I proceed, therefore, briefly to state the principles upon which the great majority of the clergy of this diocese are willing to co-operate in the work of national education; and, to smooth the way to an object I have so much at heart, I shall not propose any rule which can be reasonably objected to by the commissioners, because the rules which I shall propose are those of which they themselves have already approved. Their rules of 1843, which left so much discretion the hands of local patrons and managers, would, with some little alterations, prove acceptable to the generality of the clergy of this diocese (and, I have reason to believe, to many of other dioceses also), on the following conditions : that the concessions granted by those rules to three-fourths of the schools, but which are only temporary, and at any time revocable, shall be permanently continued, under the sanction of government, and shall be extended to all their schools, of every description, including the other fourth ; and that the same rules shall also be substituted in the trust deeds, in place of the conditions now required therein, which are at variance with these rules.

It is necessary to explain this proposal, and in doing so, to state our objections to the present plans of the Board ; because it may appear at first sight, that if we approve of those rules, and of the indulgence they afford, we have no reason to complain.

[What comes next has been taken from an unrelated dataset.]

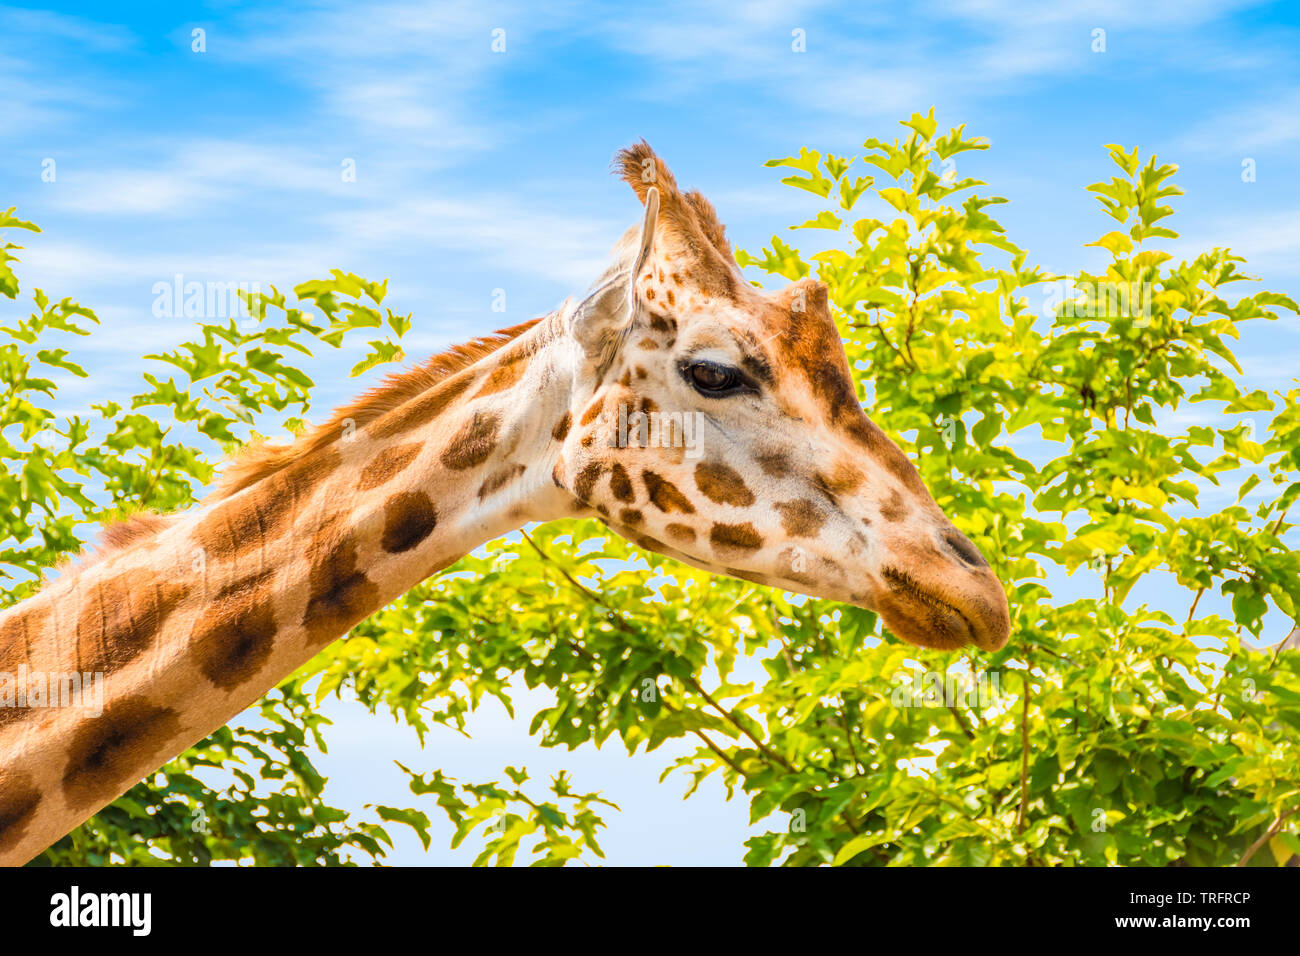 Vue latérale de la tête de girafe. Ciel bleu et arbre arrière-plan. Banque D'Images

It was originally intended by the government, that whatever rules and regulations should be in operation in the national system, should extend to all

the schools, whether built by the commissioners, and vested in them, or whether placed under their management and inspection, and aided by them with salaries and school requisites. In the year 1843, for the first time, a distinction was made, and the schools divided into two classes—such as were vested, and such as were not vested; the former consisted of those, the schoolhouses of which had been partly, or altogether, built by grants from them, and the sites vested in them by trust deeds, which bound the patron to the original rules, slightly modified ; the latter class consisted of those which, not having been vested in the Board, but having been put into connexion therewith, became subject to their control and inspection, and to which they granted salaries and school requisites. These were subject to the rules of 1843, which, however, or any one of them, were revocable at pleasure, or the school itself liable to be discontinued. It appears to have been the intention of the Board, according as funds should have become available, to have built a sufficient number of school-houses to answer the demand for education in all parts of Ireland; and, of course, accordingly as these were increased, the others would have been discontinued, and the rules of 1843, and their indul. gence, which had induced the patrons of the schools to forego aid from other sources, and put them under the control of the Board, would have ceased altogether. All the schools would have become vested in the Board, and subjected to the original objectionable rules. Thus the rules now in operation in three-fourths of the schools will be superseded altogether, and the objectionable rules and principles not now enforced even in the one-fourth, will become the standard rules of the whole. This consummation would have eventuated in putting down all the schools of the clergy, and again excluding them from all participation in the work of national education. At present the nonobservance of rules is connived at. The clergy of the established church cannot consent to conduct schools upon the mere connivance of the commissioners; but they will observe, with good faith, whatever rules or conditions they may agree to.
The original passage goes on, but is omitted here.